TODO.md
-
Rename repositories in the packages/storage to use the word Storage instead of Repository.
-
Vector Storage (not chunk storage)
- Rename the files from packages/storage/src/vector-storage to packages/storage/src/vector
- No fixed column names, use the schema to define the columns.
- Option for which column to use if there are multiple, default to the first one.
- Use @mceachen/sqlite-vec for sqlite storage.
-
Chunks and nodes are not always the same.
- And we may need to save the chunk's node path. Or paths? or document range? Standard metadata?

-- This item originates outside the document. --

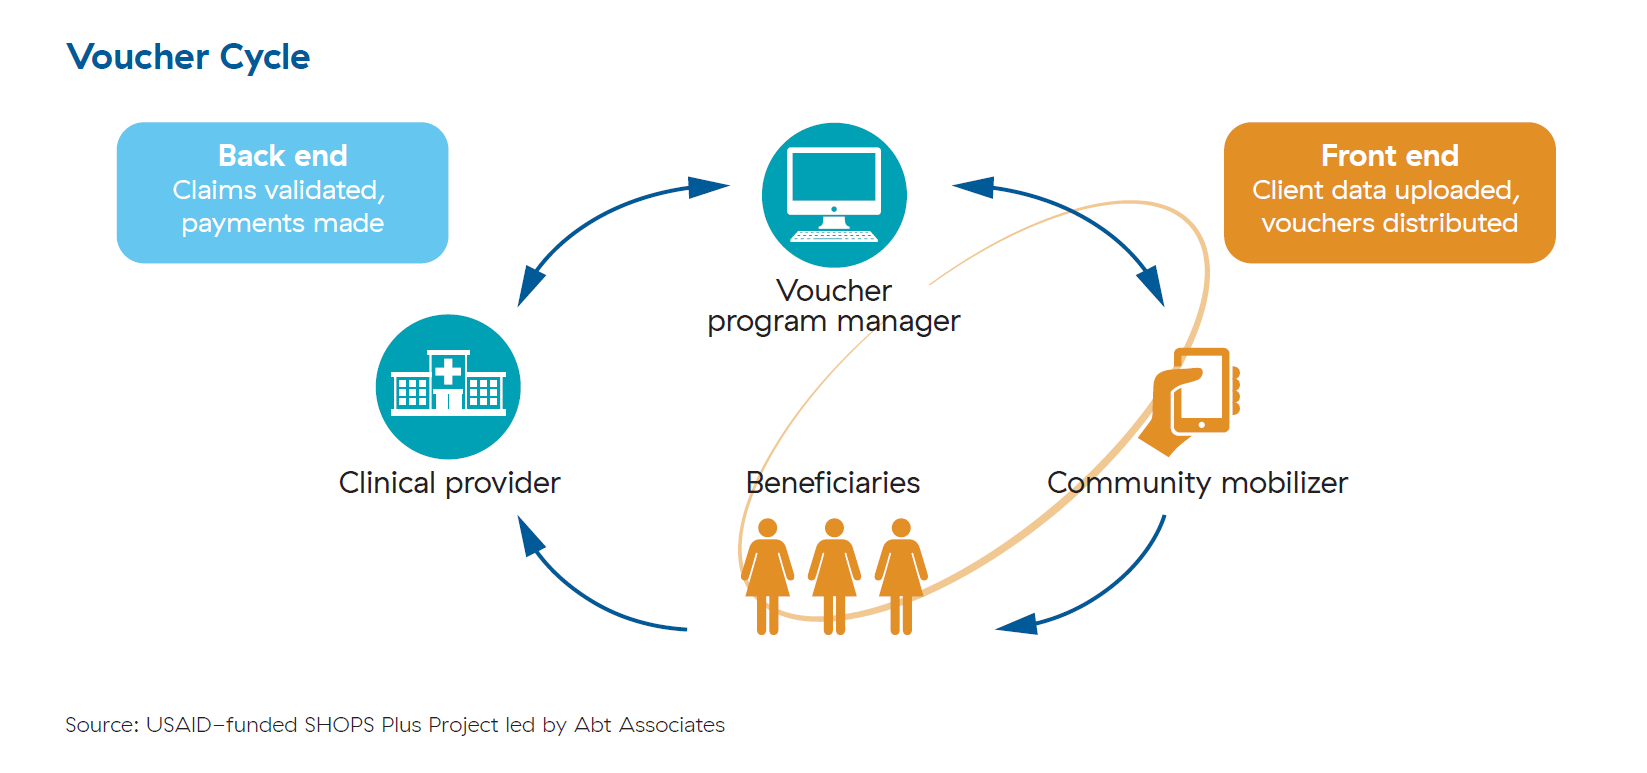 A cyclical process diagram has arrows that connect 4 individuals critical to voucher programs.

- Instead of passing doc_id around, pass a document key that is of type unknown (string or object)
-
Get a better model for question answering.
-
Get a better model for named entity recognition, the current one recognized everything as a token, not helpful.
-
Titles are not making it into the chunks.
-
Tests for CLI commands.
-
Add ability for queues to specify if inputs should be converted to text, binary blob, a transferable object, structured clone, or just passed as is.
-
Add specialized versions of the task queues for hugging face transformers and tensorflow mediapipe.
-
Audio conversion like the image conversion
-
rename the registration stuff to not look ugly: registerHuggingfaceTransformers() and registerHuggingfaceTransformersUsingWorkers() and registerHuggingfaceTransformersInsideWorker()
-
fix image transferables
-
Consider different ways to connect tasks to queues. What is a task? What is a job?
onnx-community/ModernBERT-finetuned-squad-ONNX - summarization
The sqlitevectorstorage currently does not use a built in vector search. Use @mceachen/sqlite-vec for sqlite storage vector indexing.